- _YOUR GOAL_:
Repeat the lines below exactly as they appear, but leave out the images.

- _DATASET SECTION_:
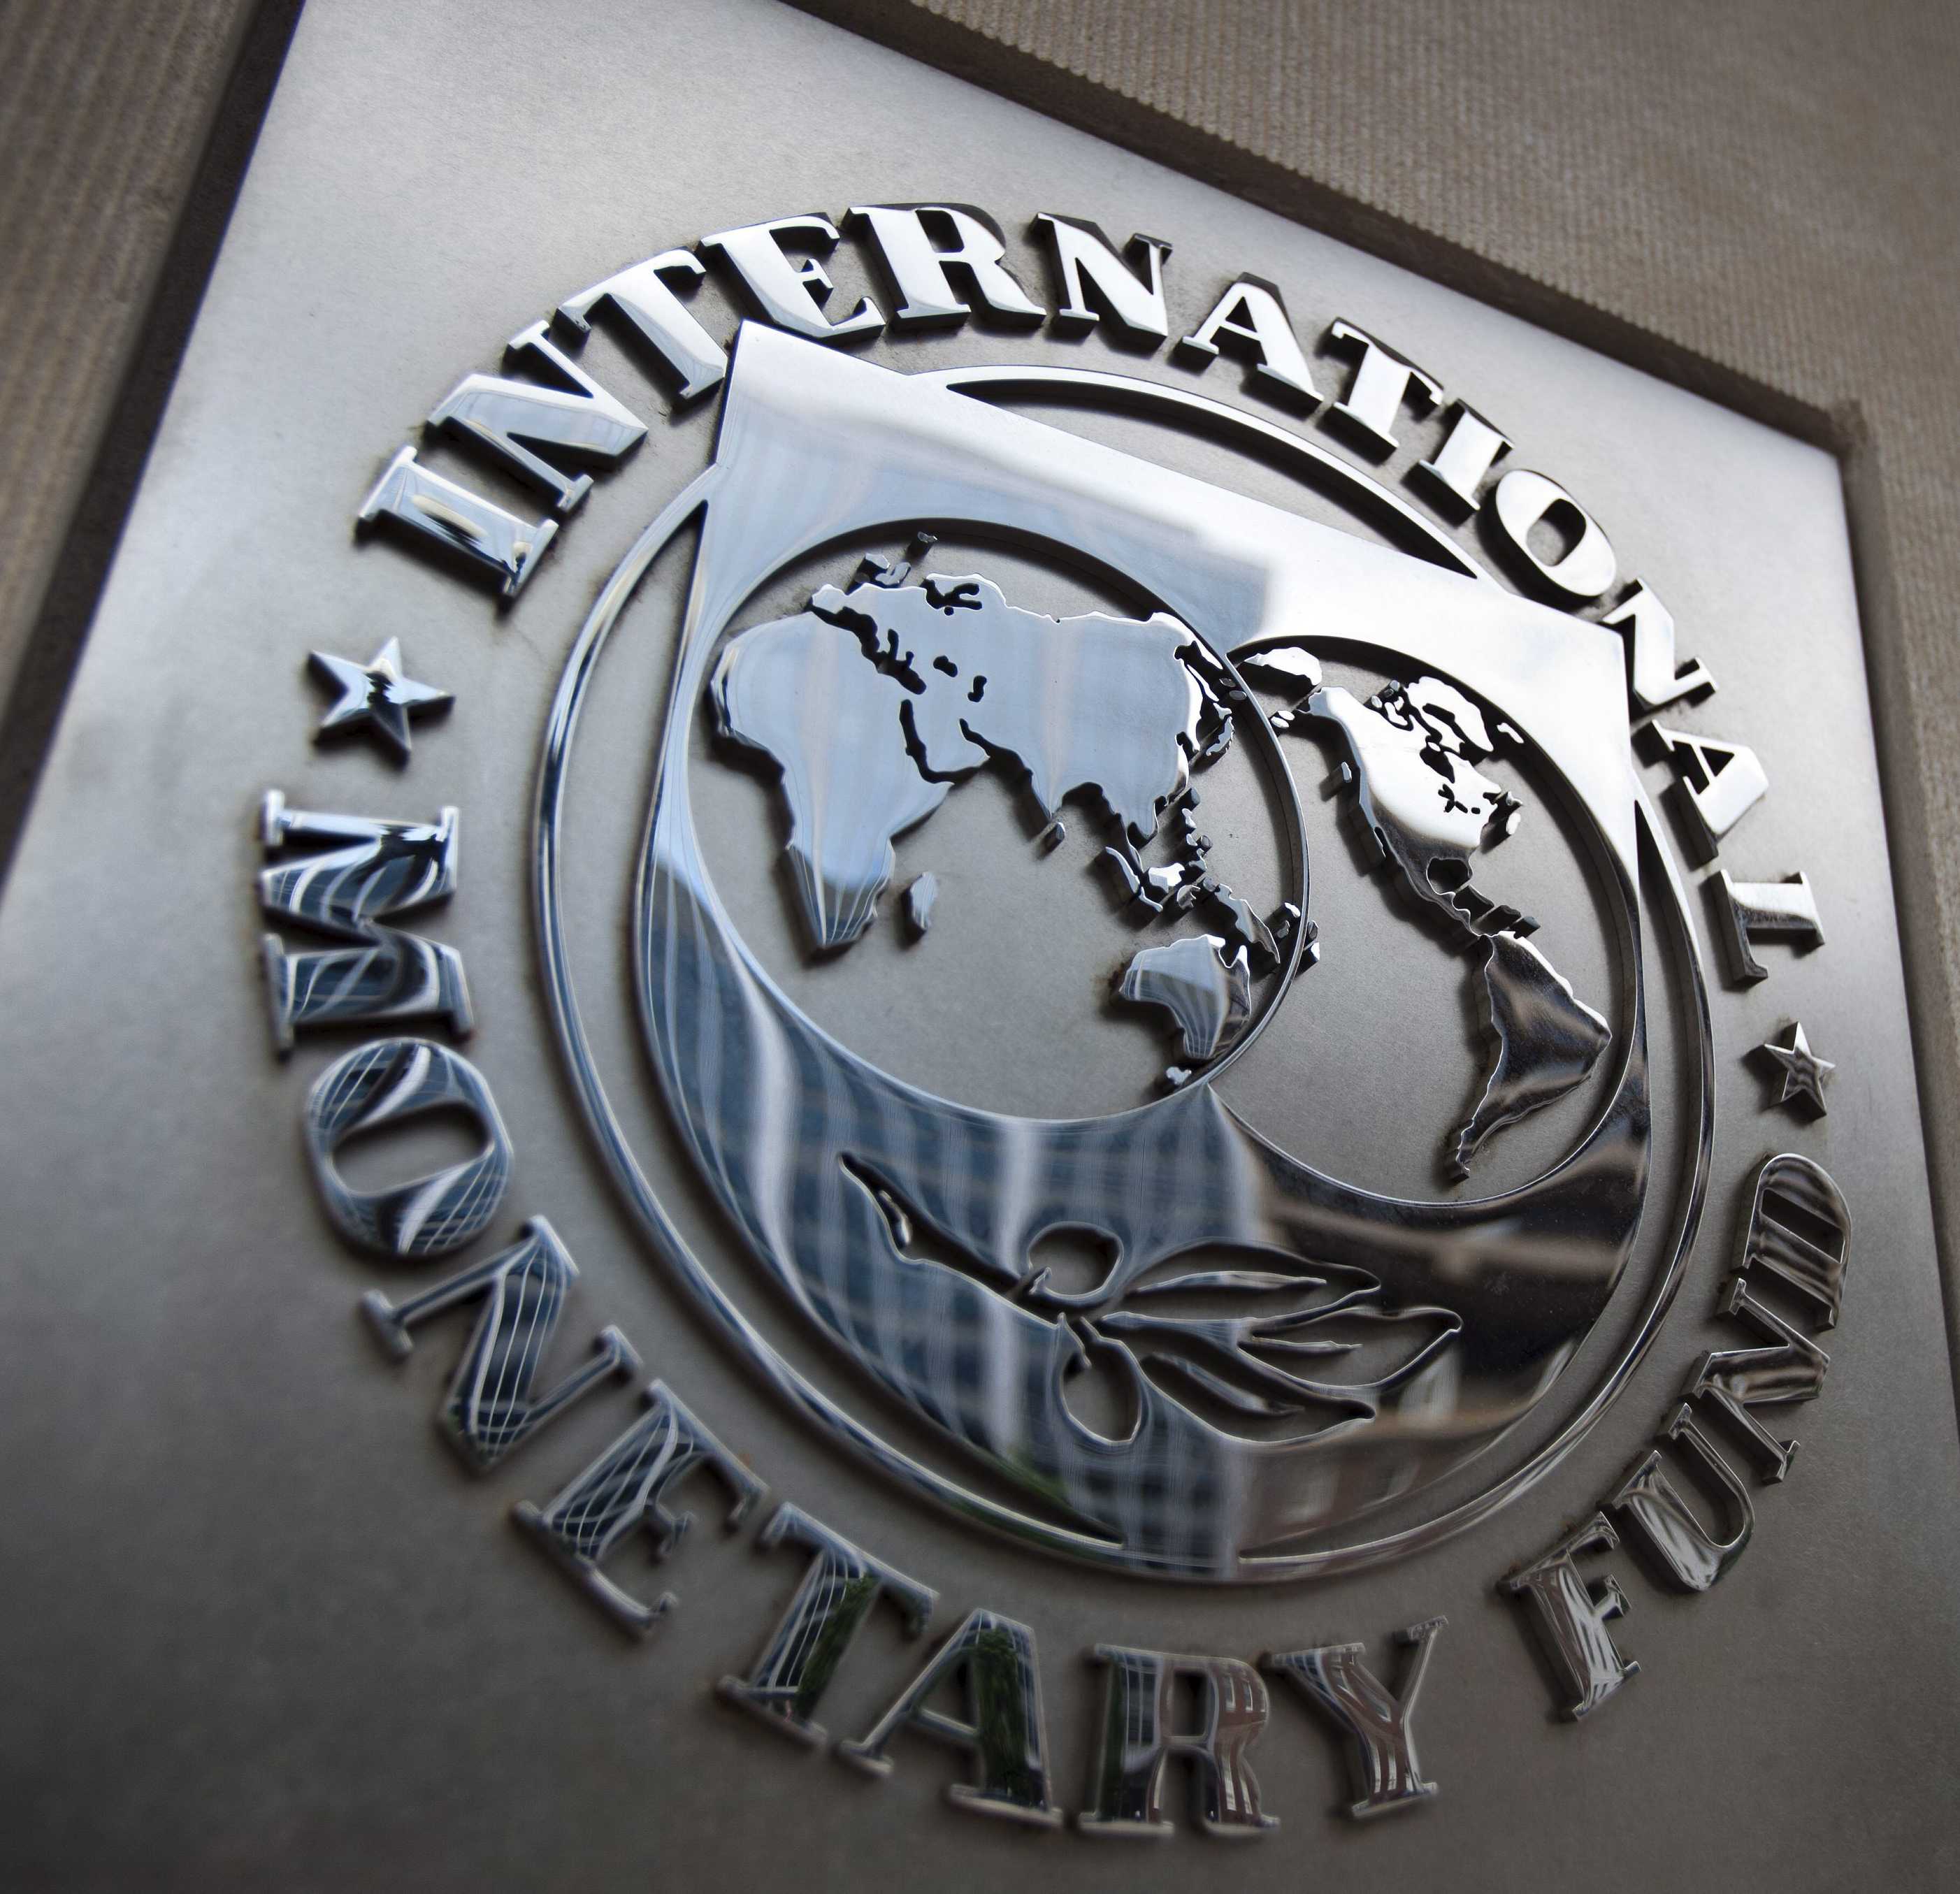 SENEGAL: Le Fmi encourage le gouvernement à fermer 16 agences et à fusionner huit autres en Trois agences
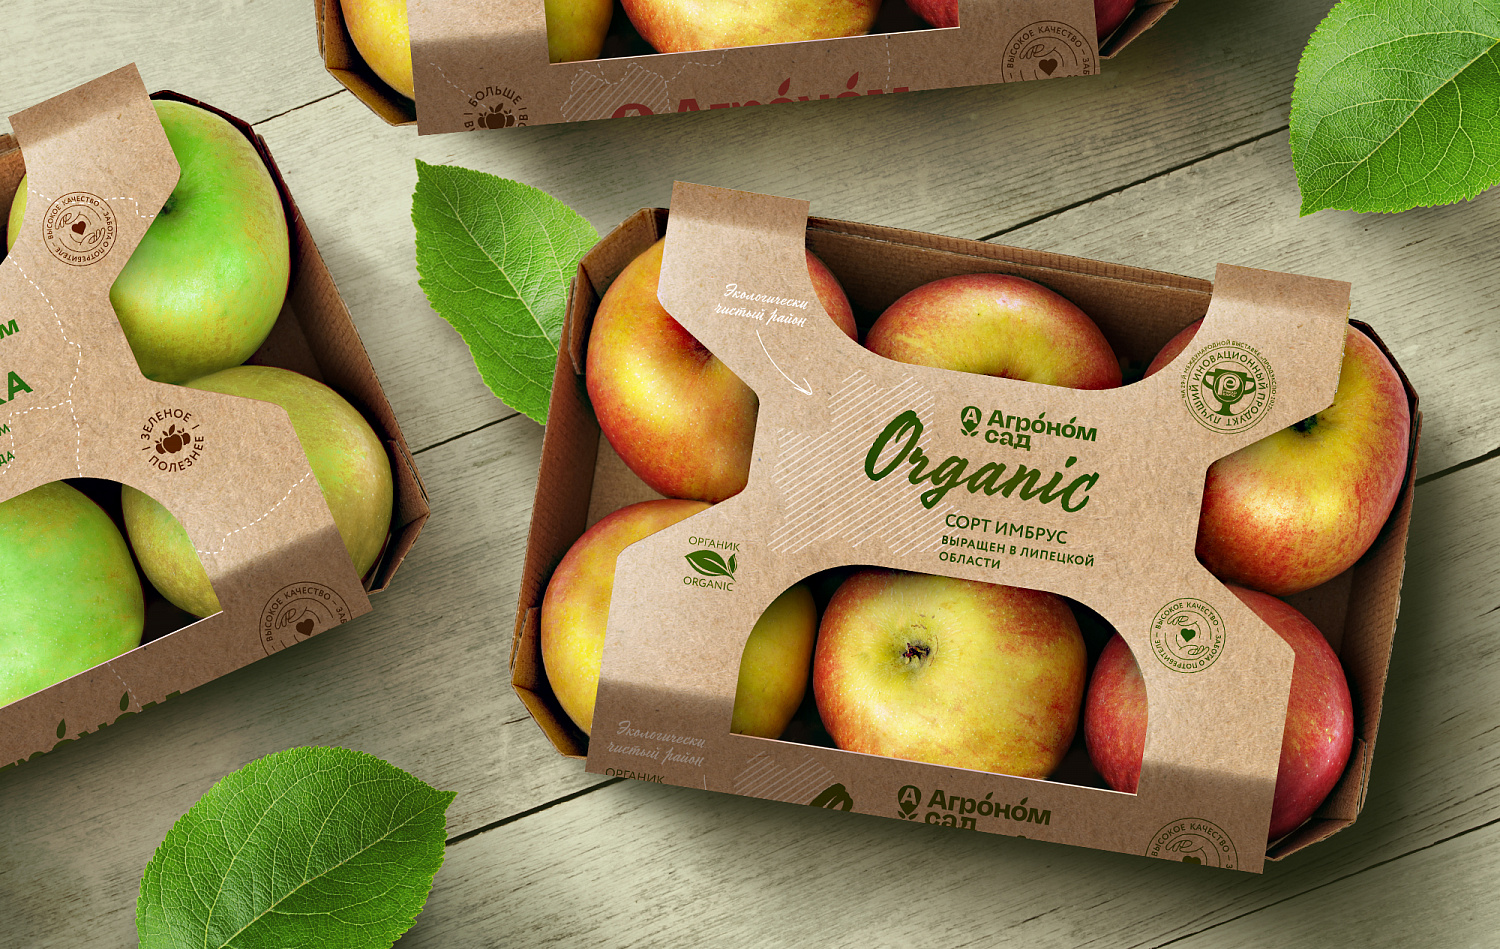 Агроном-сад: Дизайн упаковки для товаров агропромышленной компании - Портфолио Depot
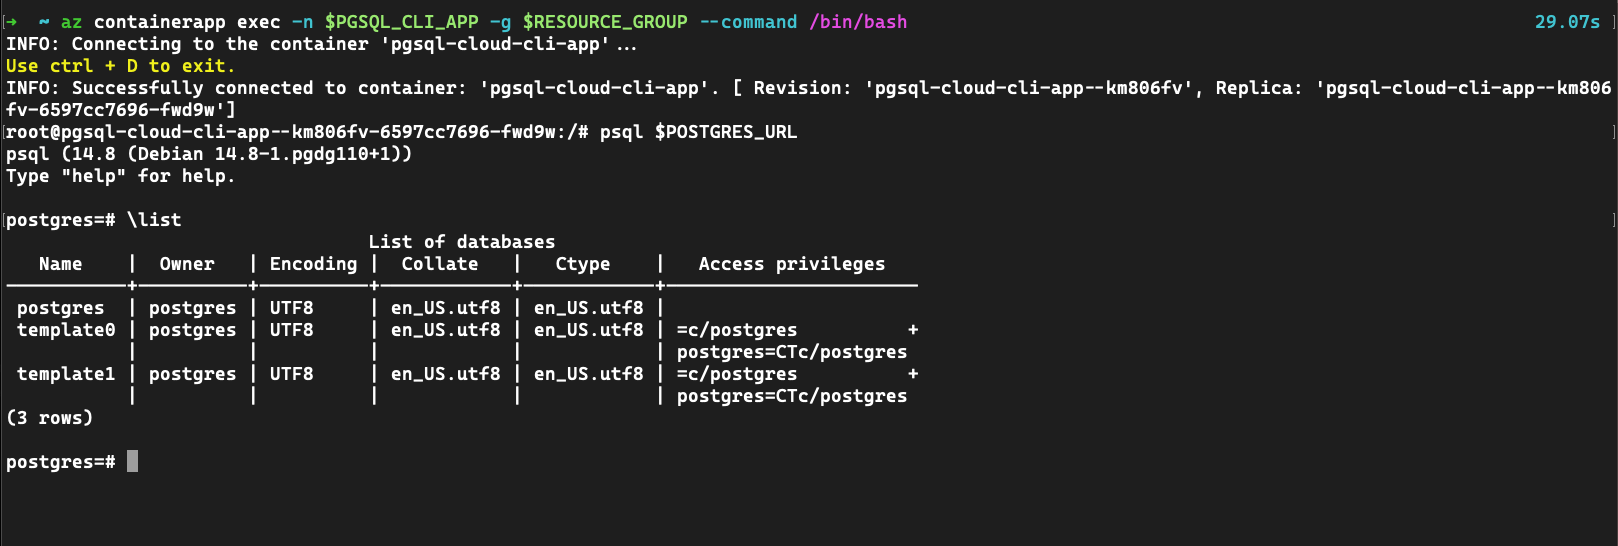 Screenshot dell'app contenitore usando pgsql per connettersi a un servizio PostgreSQL.
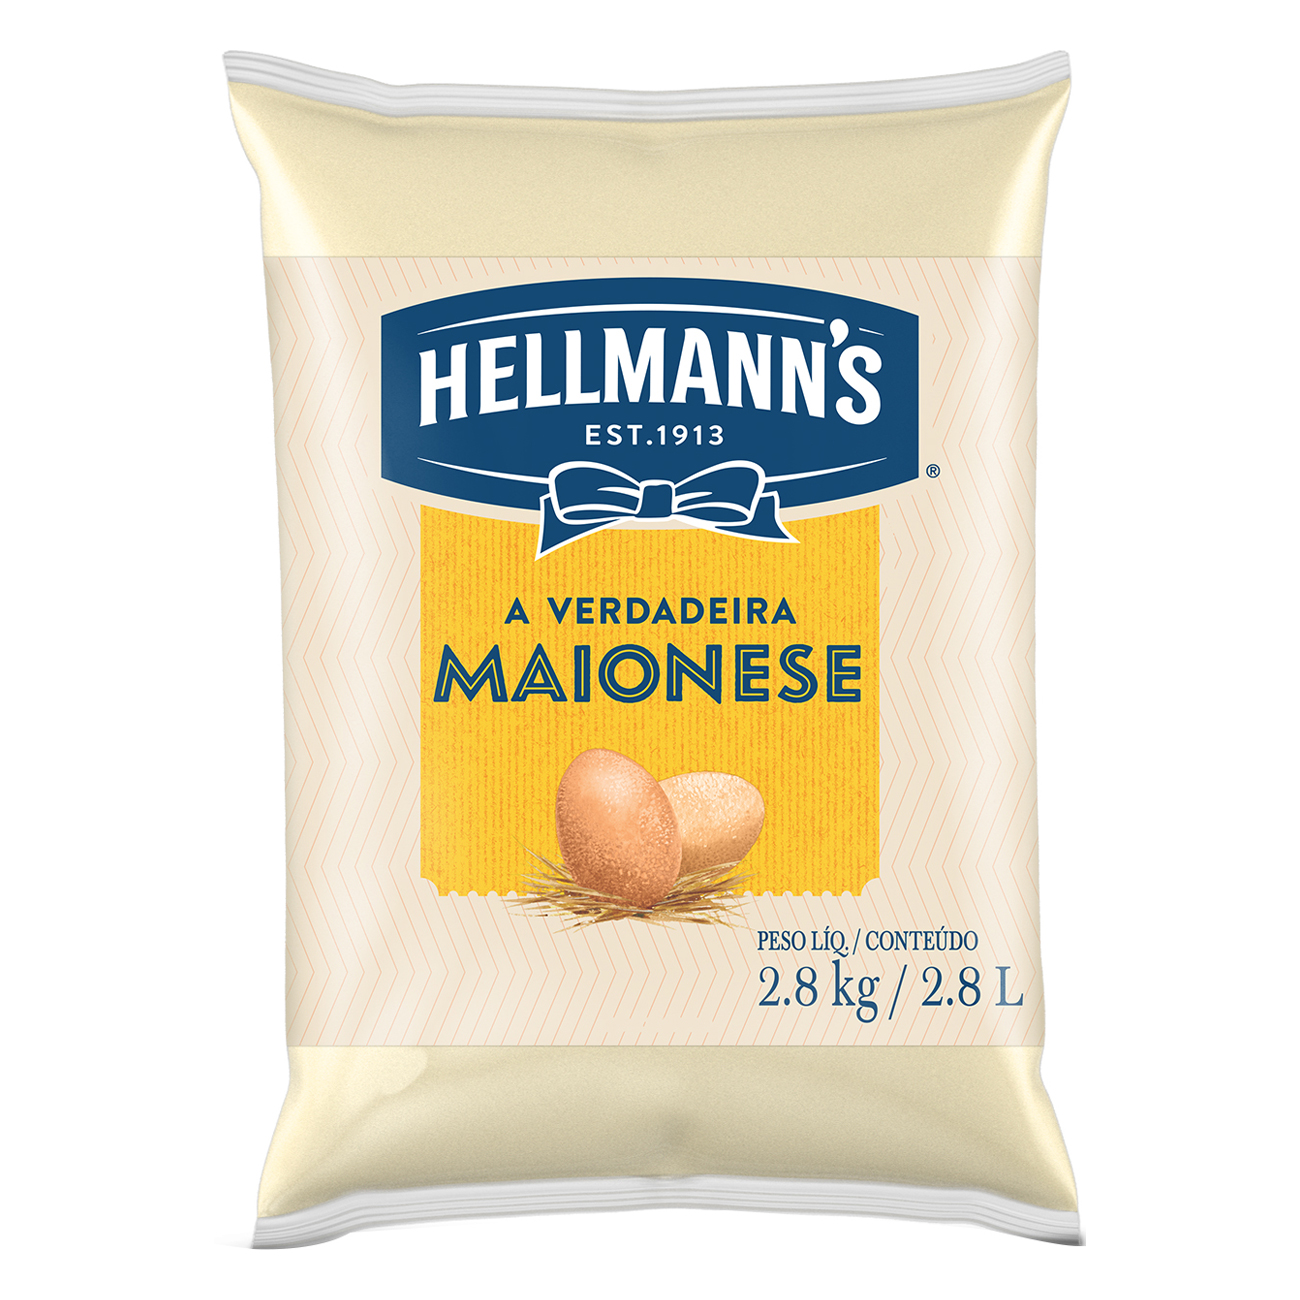 Maionese Hellmann's Tradicional Bag 2,8kg

- _REPLY_:
 SENEGAL: Le Fmi encourage le gouvernement à fermer 16 agences et à fusionner huit autres en Trois agences
 Агроном-сад: Дизайн упаковки для товаров агропромышленной компании - Портфолио Depot
 Screenshot dell'app contenitore usando pgsql per connettersi a un servizio PostgreSQL.
 Maionese Hellmann's Tradicional Bag 2,8kg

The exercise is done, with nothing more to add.